START Source material

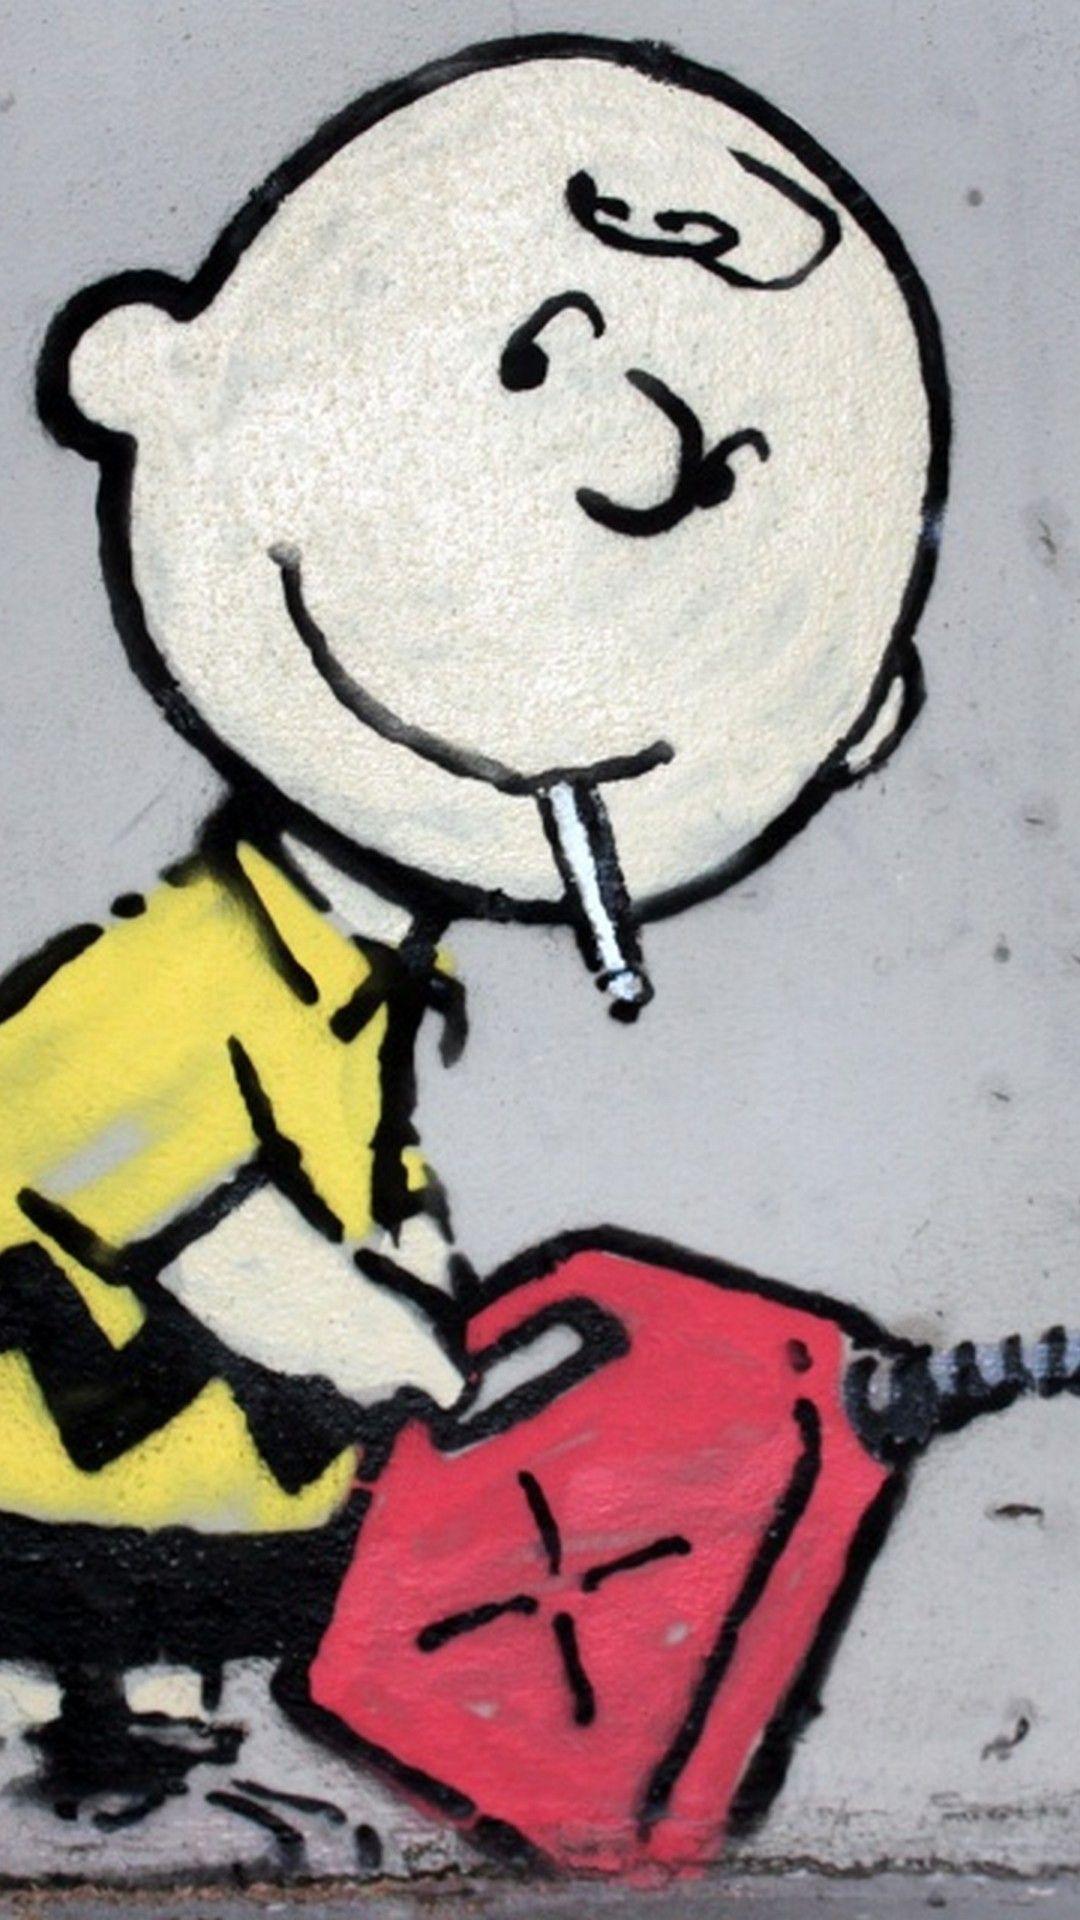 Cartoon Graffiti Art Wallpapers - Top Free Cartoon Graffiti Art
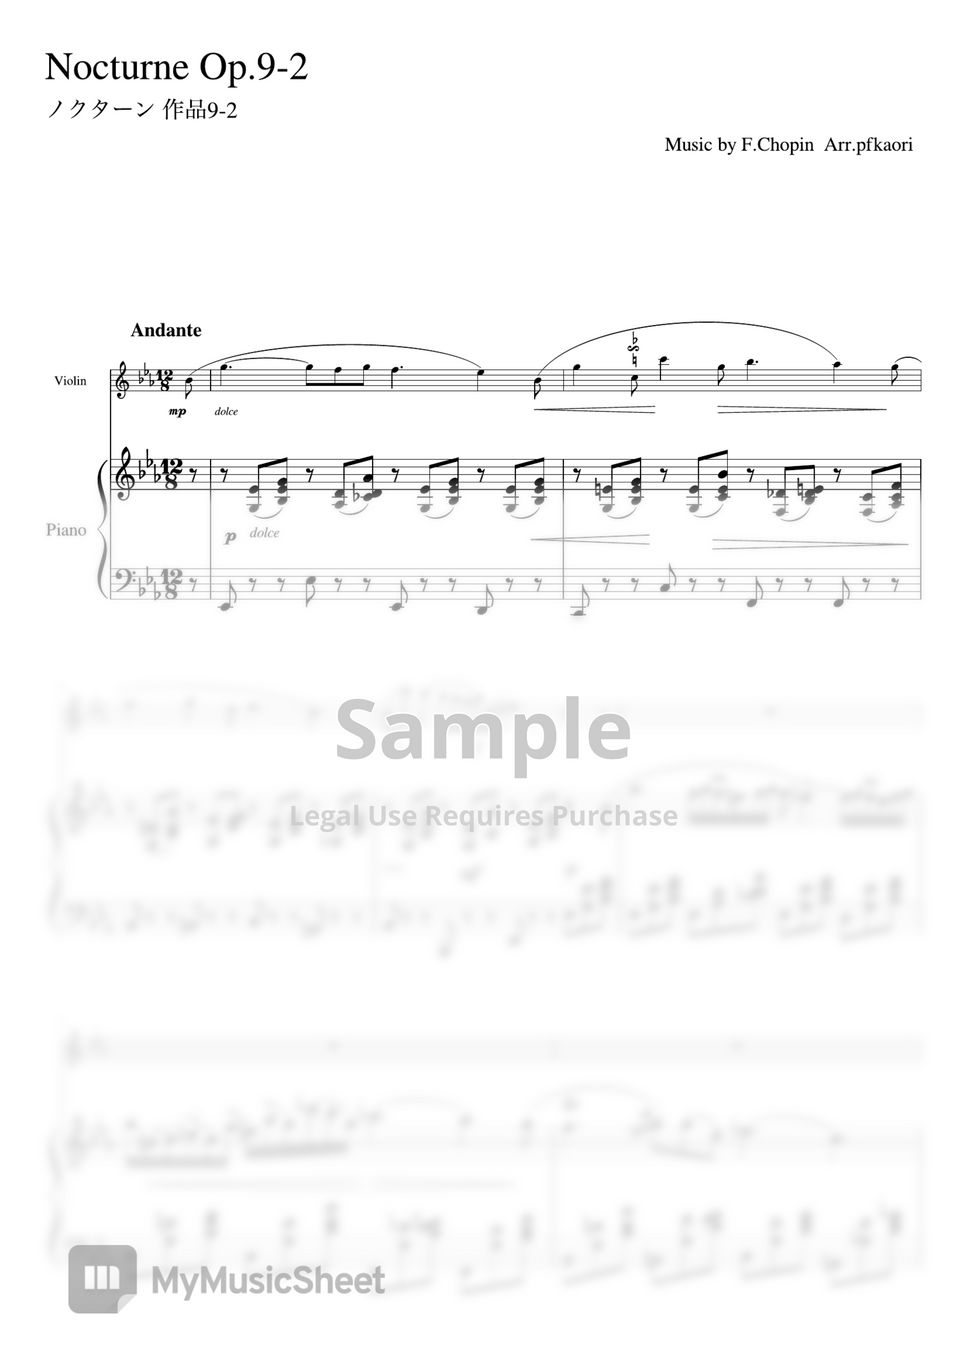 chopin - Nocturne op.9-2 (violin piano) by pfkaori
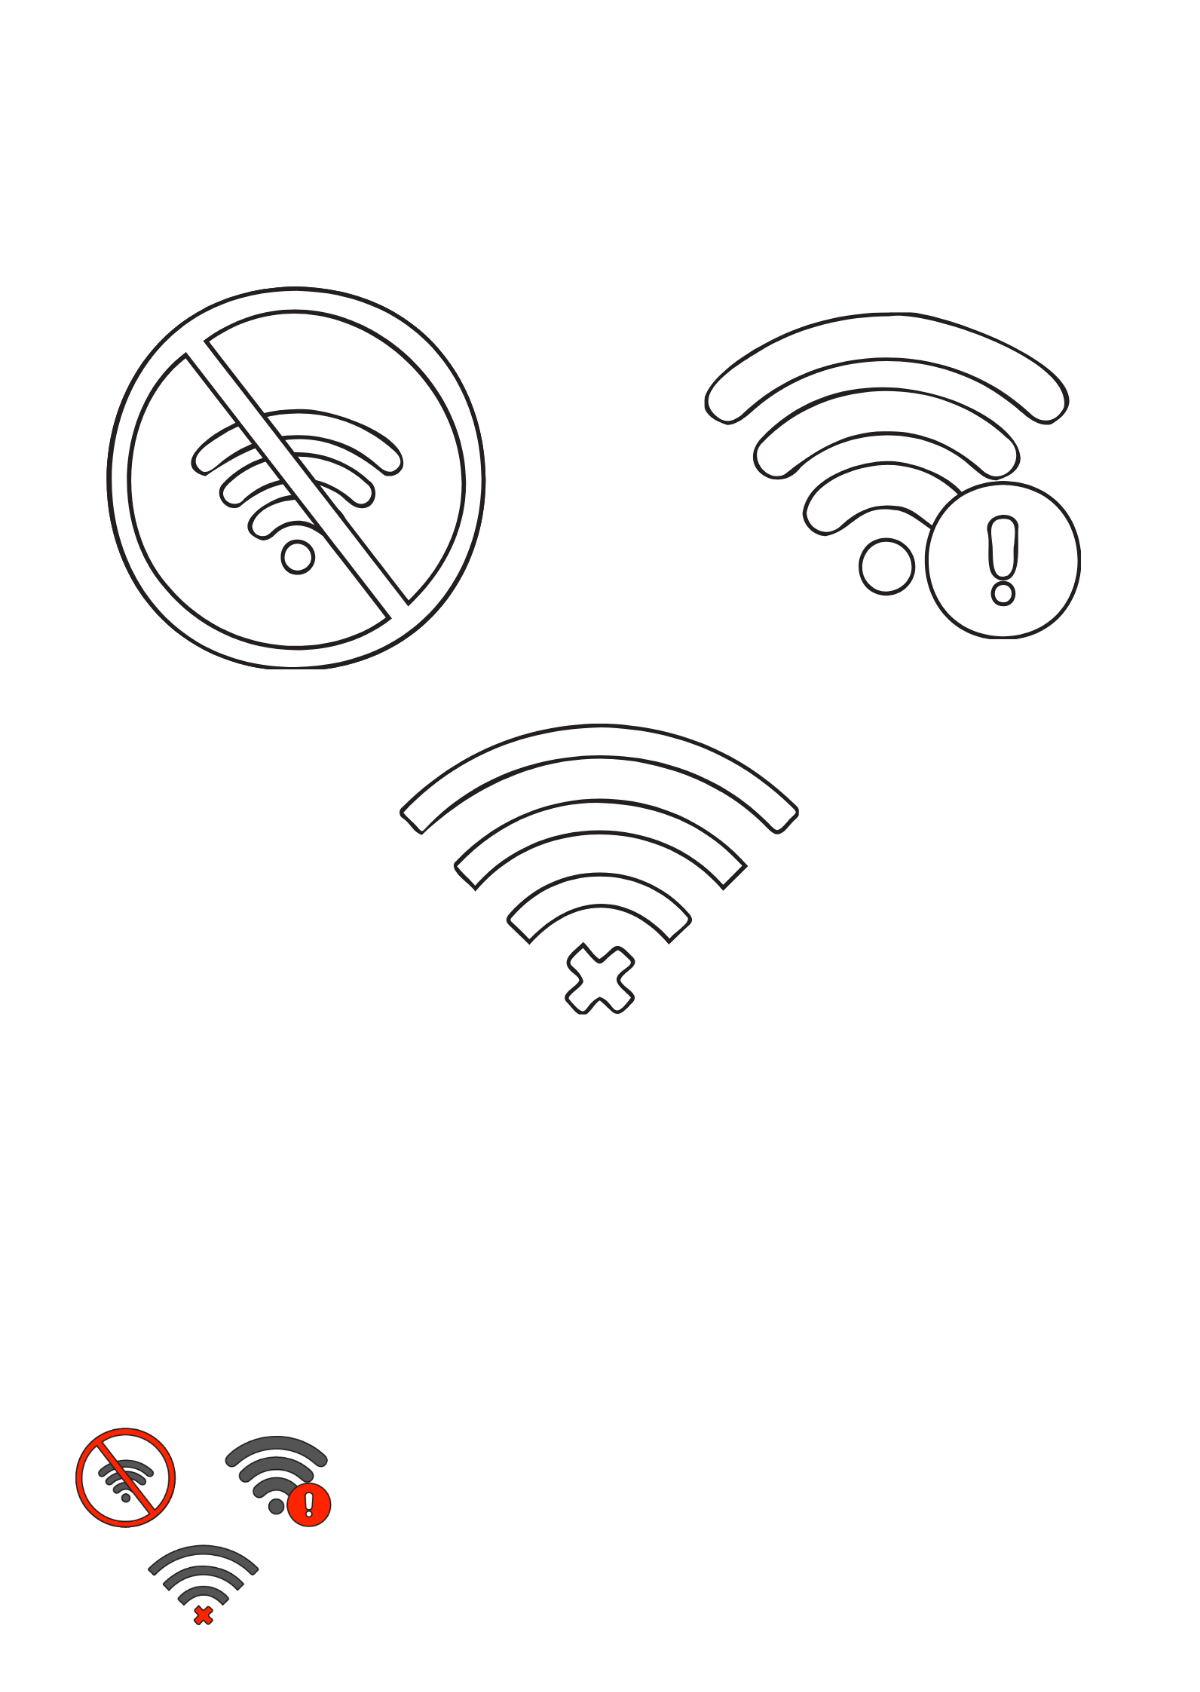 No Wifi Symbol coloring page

END Source material

Task instructions:
All lines of the listing must be given again exactly, excluding the pictures.

Exercise solution:
 Cartoon Graffiti Art Wallpapers - Top Free Cartoon Graffiti Art
 chopin - Nocturne op.9-2 (violin piano) by pfkaori
 No Wifi Symbol coloring page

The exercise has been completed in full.